Intel calls the device, which measures 4 inches by 4 inches (10cm in new money), an NUC – or Next Unit Computer.
There are 2 models at launch, both of which use a Core i3 processor chugging along at 1.8GHz. For business, you get a pair of HDMI connectors and physical ethernet connection, which becomes wireless with Thunderbolt and a single HDMI for the home.
Given that both have Intel’s fastest graphics solution, HD4000, it’s a fair bet that they use the low power mobile versions of the Core processor. The QS77 chipset mainboard included can take up to 16GB of SO-DIMM in its twin sockets.
Retailing at around £299 ($399), both of these NUCs have modest specs, but Intel is planning to push through an entire series – with Core i5 and even Core i7 models to follow.
Standardising on the size of the NUC seems to be a smart move. When commenting on the launch of the product, Intel stated that it had applications in the business and consumer markets – and could even be used in a car. So much for AMD having the embedded market to itself.
Sapphire’s drive on this kind of technology has been really impressive, with the recent launch of the Edge VS bringing next-gen game console levels of graphics power to market in a stylish little box.
Given that it’s top dedicated partner put such an effort into this kind of form factor, it’s surprising that AMD was not more firmly behind Sapphire with the big budget marketing that would be needed to firm up the new category with a wider audience.
One of Intel’s sales managers for APAC, VR Rajkumar, said, “While there isn’t much on the choice front at present, we’ll be having a ‘good, better, best’ motto. We’re going to have Celeron at the low end, and it will be Core i5 and Core i7 on the other. The benefit for resellers lies in the NUC’s form factor and quiet operation. The 4×4 inch build means that it is open to a large range of applications and markets”.
With the revelation that Intel processors will be glued to mainboards in the future, what hope is there for local system builders etc if Intel comes to market with its own complete PCs like this. Good for Ingram, bad for local PC builder?
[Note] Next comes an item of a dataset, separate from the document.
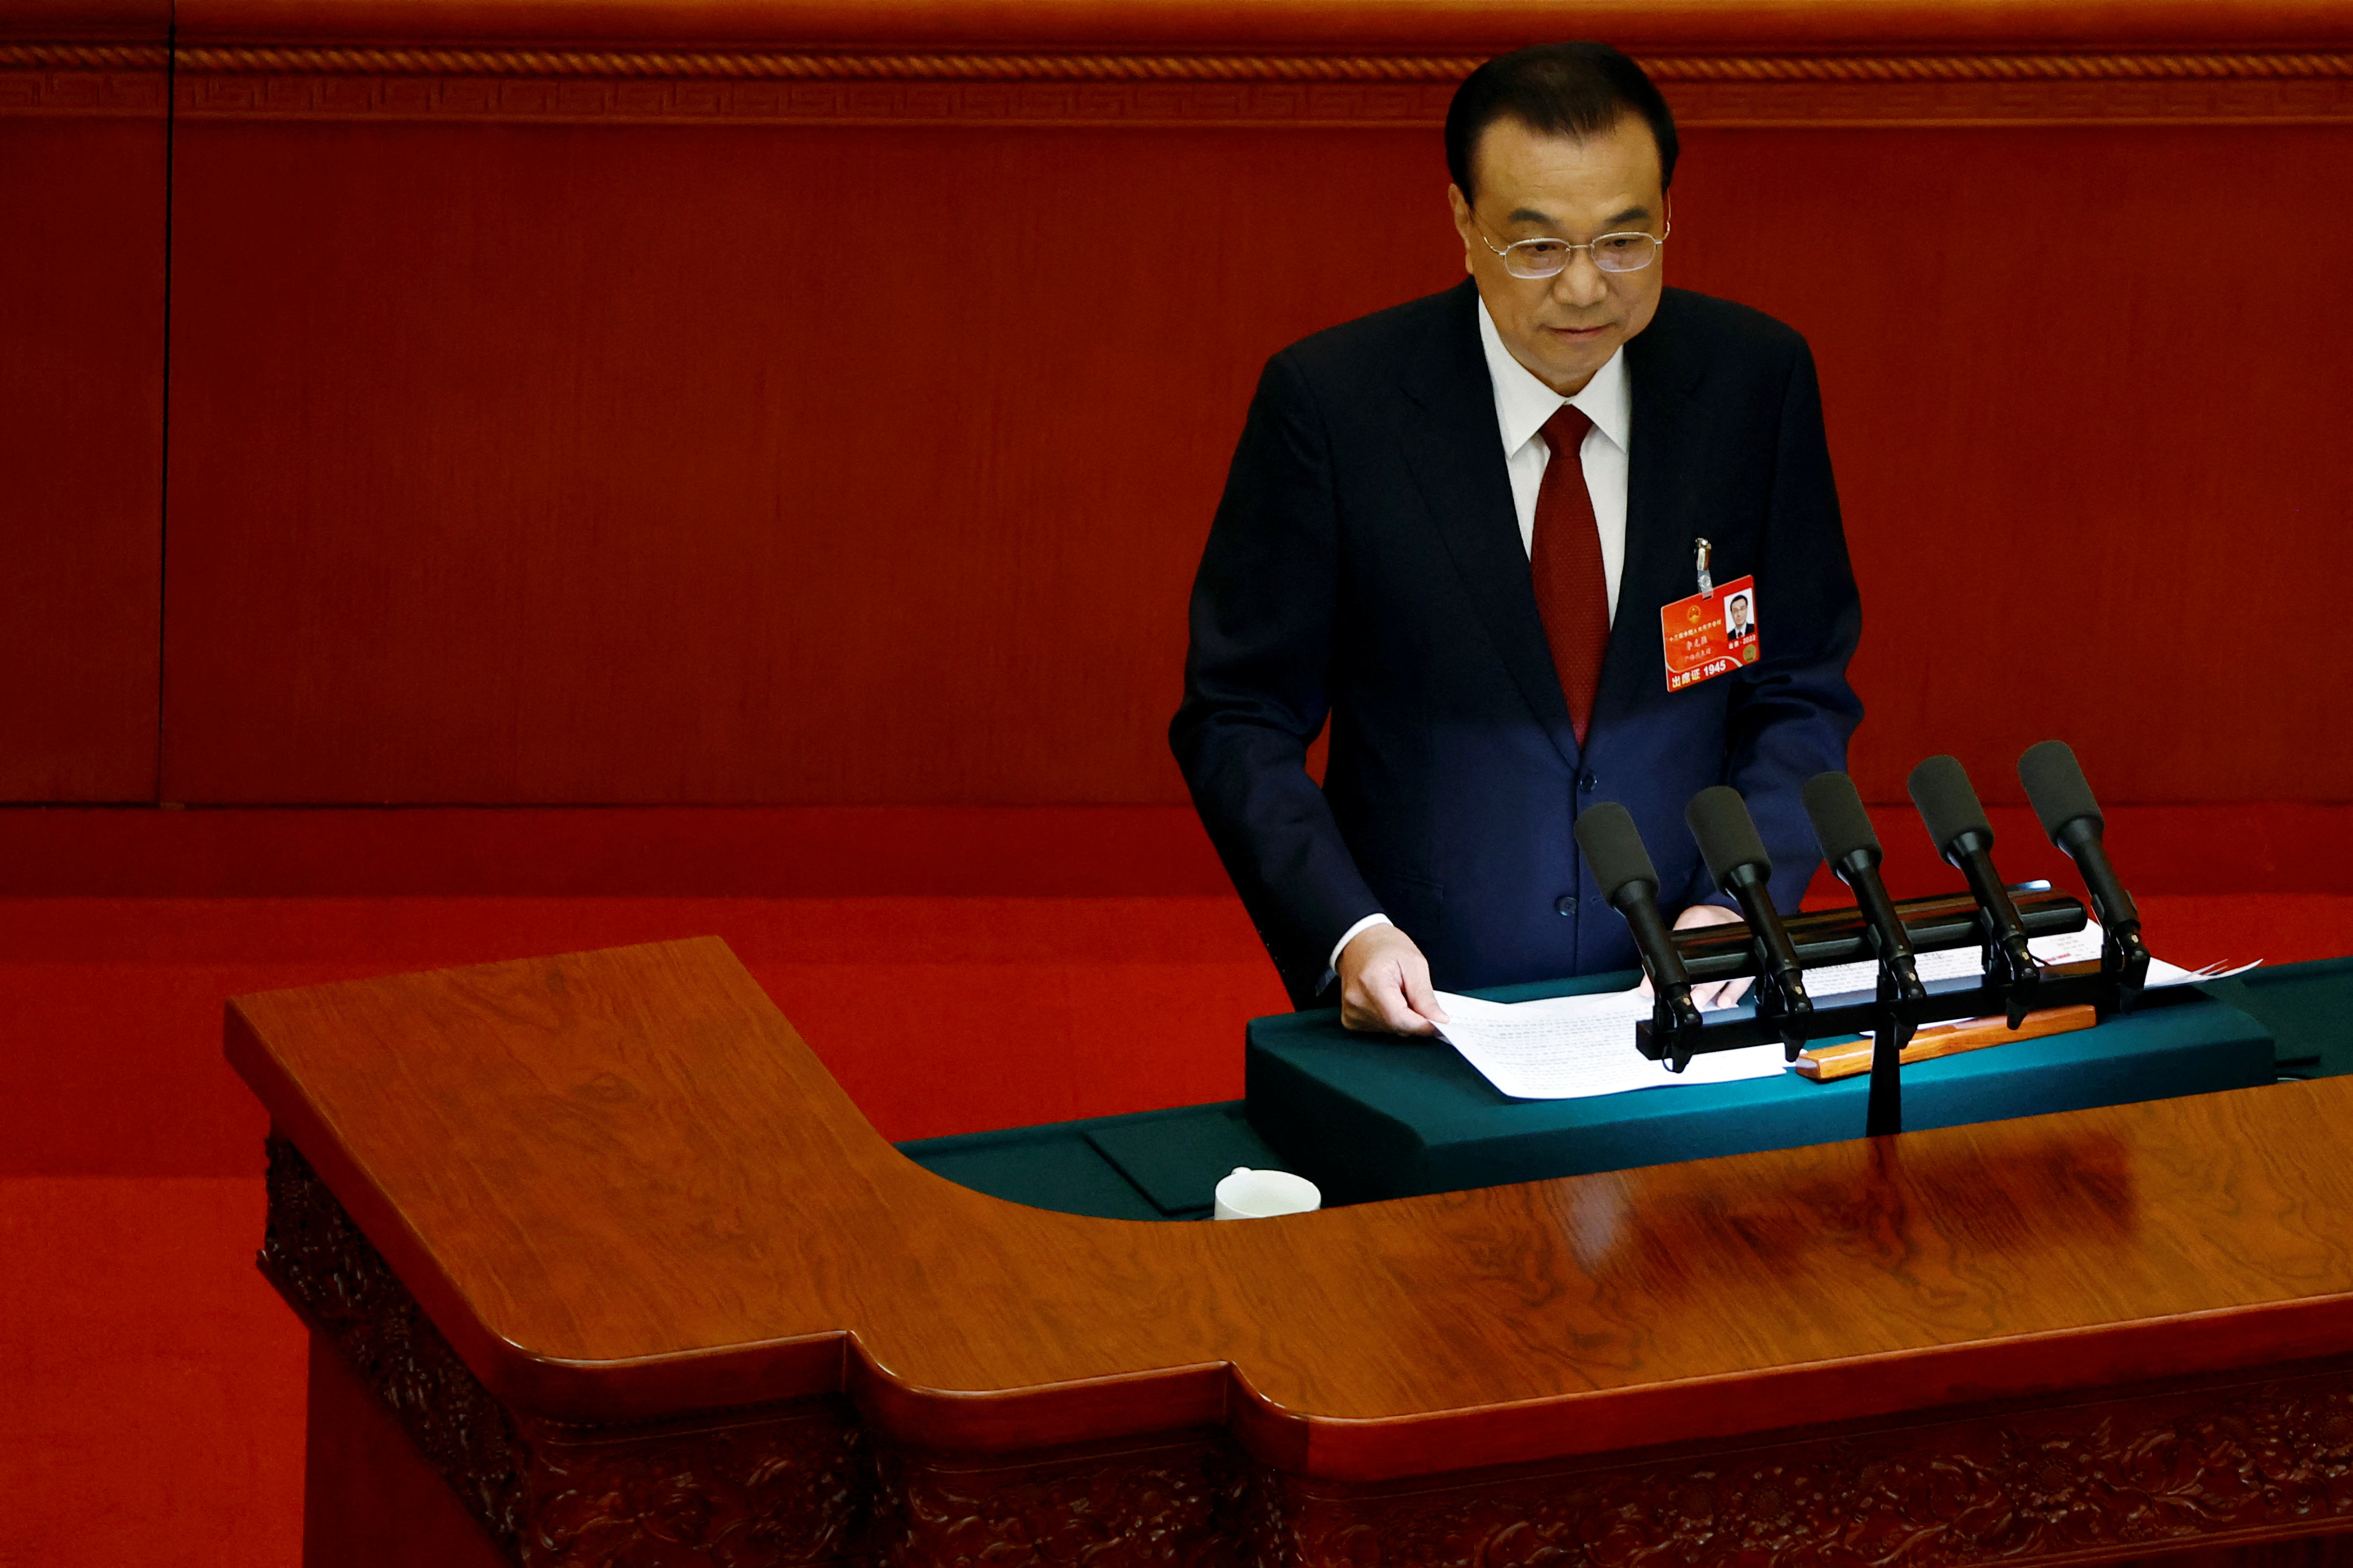 El primer ministro chino, Li Keqiang, entrega su informe de trabajo en la sesión inaugural del Congreso Nacional del Pueblo (APN) en el Gran Salón del Pueblo en Beijing, China, el 5 de marzo de 2022. REUTERS/Carlos García Rawlins

KitGuru says: Having first discussed the idea of a ‘PC Console’ that could sit next to a TV etc with AMD many years ago, it would be sad for Intel to bring the whole ‘Fusion everywhere’ concept to the broad market in a bigger/better way. Unobtrusive desktop power, with easy installation/use, is something that we feel a lot of people would be interested in. Even though, right now, Sapphire’s Edge VS model has a huge lead in terms of specification – how much difference will Intel’s marketing dollars make?